La retorica ungarofoba di Aur si sposa alla perfezione con gli scopi di Orbán. Il leader ultra-conservatore potrà facilmente beneficiare dalla radicalizzazione della situazione in Transilvania e presentare all’opinione pubblica interna e comunitaria i propri connazionali come alla mercé degli oltranzisti romeni. Sfruttando proprio il fatto che, a più di un secolo dall’annessione delle terre ungheresi da parte della Romania, la questione magiara resta ancora un nodo irrisolto.
Più per calcolo che per negligenza: tenere alta la tensione è conveniente per entrambe le parti in causa, non solo per Budapest.
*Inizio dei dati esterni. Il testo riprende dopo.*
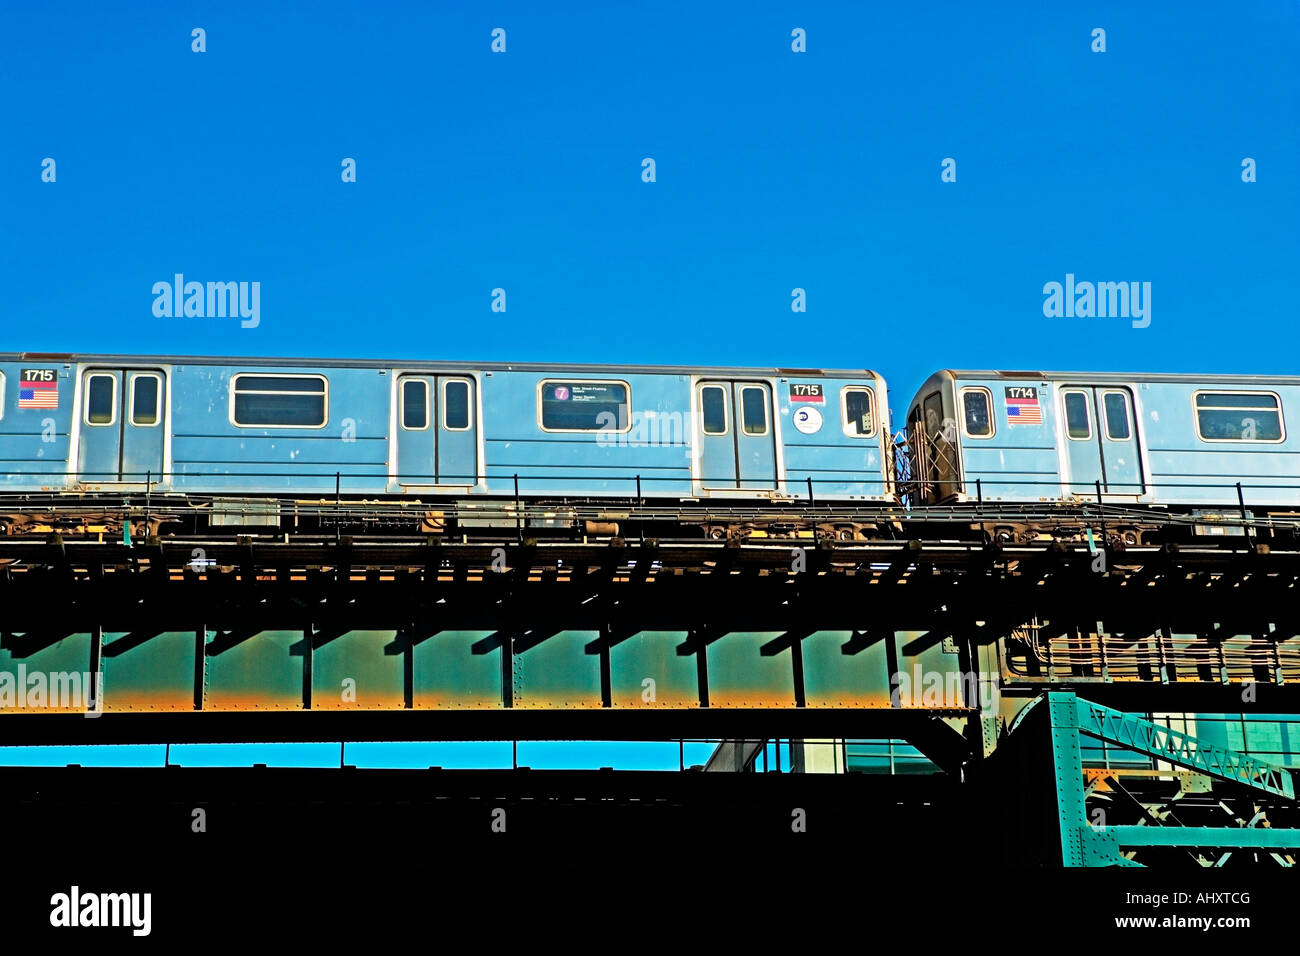 Elevated train under blue sky Stock Photo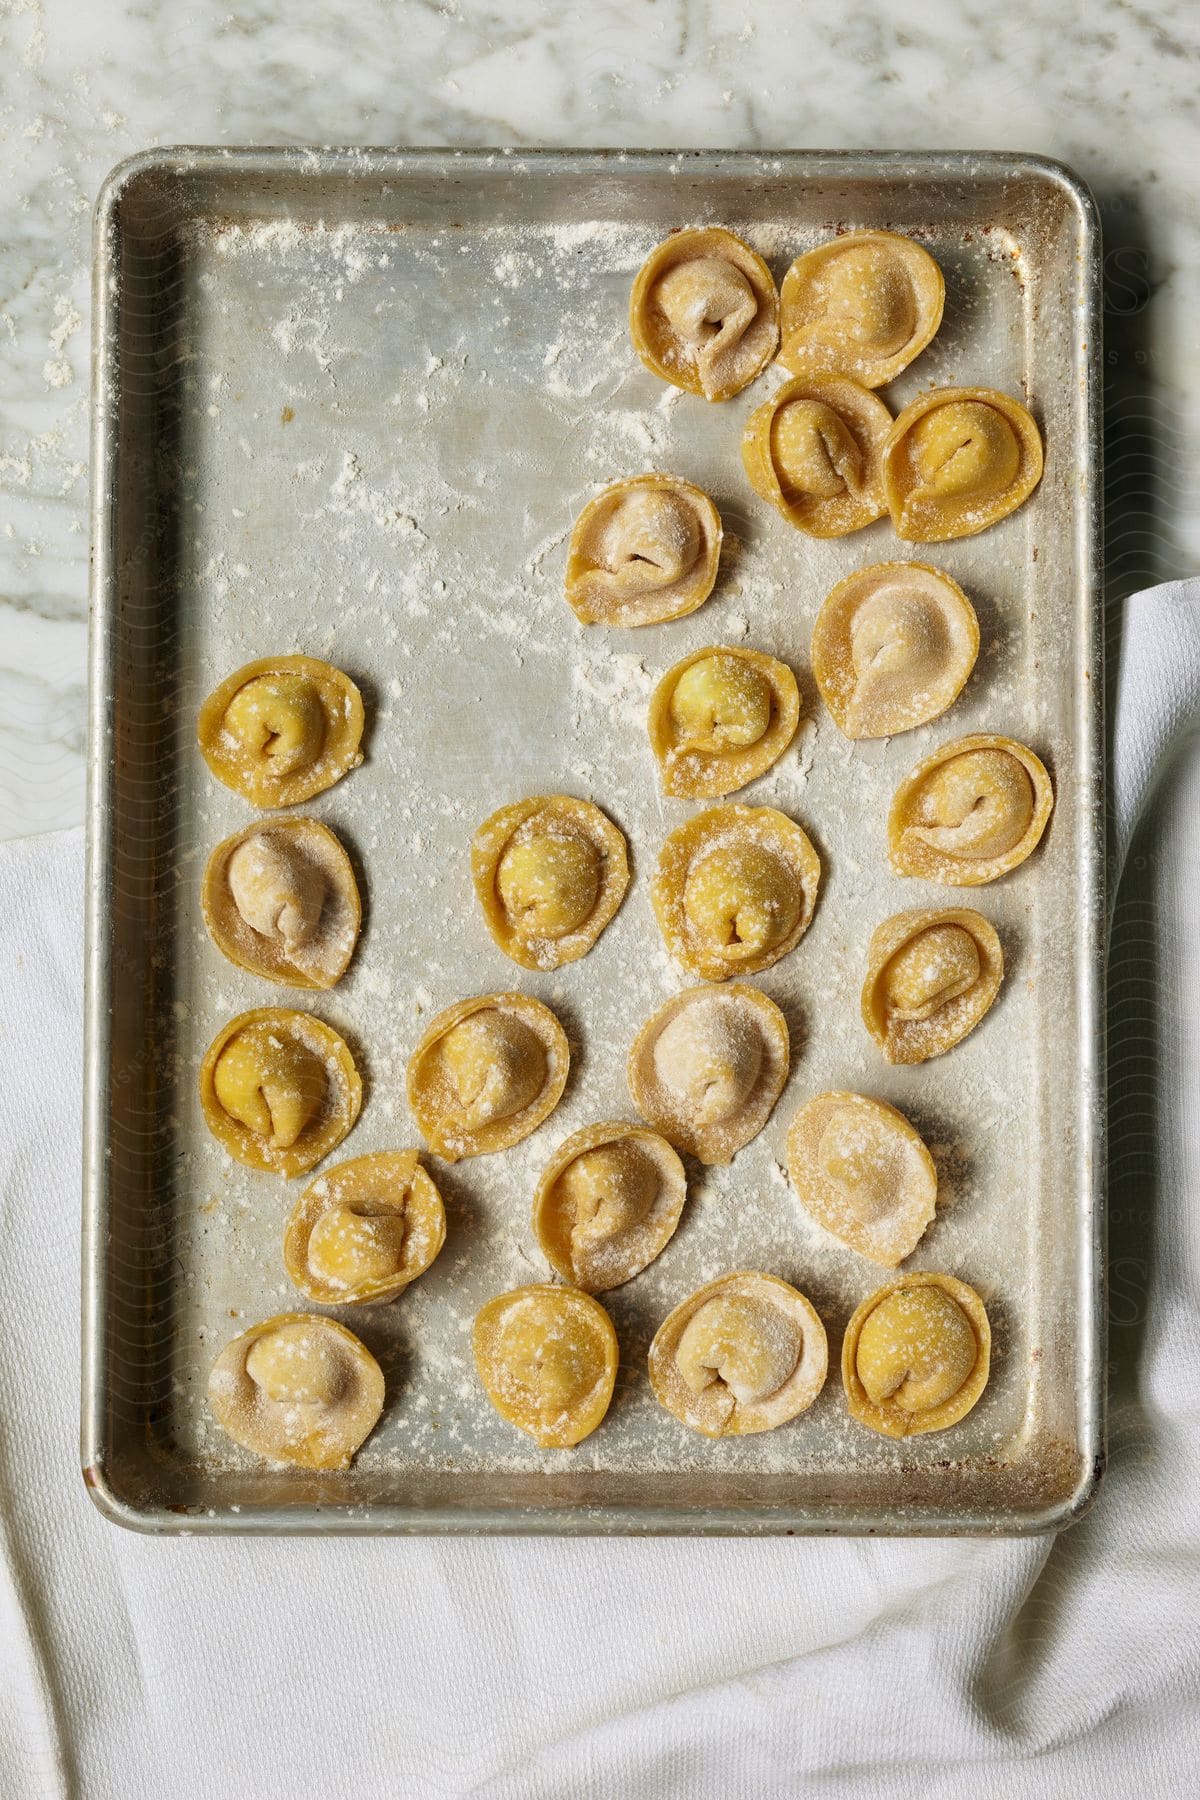 Stock photo of a neutral pastry on a golden plate in a kitchen pan

Nell’ottica dei partiti romeni, attaccare la minoranza ungherese è sempre un modo economico per raggranellare consensi. Lo si era visto, nuovamente, lo scorso aprile, quando il presidente Klaus Iohannis (Pnl) aveva accusato l’opposizione socialdemocratica di tramare per dare «la Transilvania agli ungheresi», dopo che una bozza di legge contenente la proposta di concessioni di alcune autonomie ai romeno-ungheresi era stata approvata d’ufficio dalla Camera bassa, dove il Psd aveva la maggioranza.
Di norma, qualunque apertura verso la possibilità di una maggiore autonomia ai magiari di Romania viene bollata come “tradimento” da parte dei nazionalisti romeni. Con i parlamentari di Aur installati tra gli scranni dell’emiciclo, è verosimile che questa prassi diventi ancora più sistemica. E Orbán è pronto a incassare i dividendi dell’esasperazione dei toni. Come sa bene, uno scenario politico polarizzato è il contesto ideale per distogliere l’attenzione dai temi più concreti (economia, diritti sociali, gestione della cosa pubblica) e, giocandosi la carta identitaria, consolidare la propria base di consenso.
Funziona in Ungheria, perché non dovrebbe funzionare anche in Romania?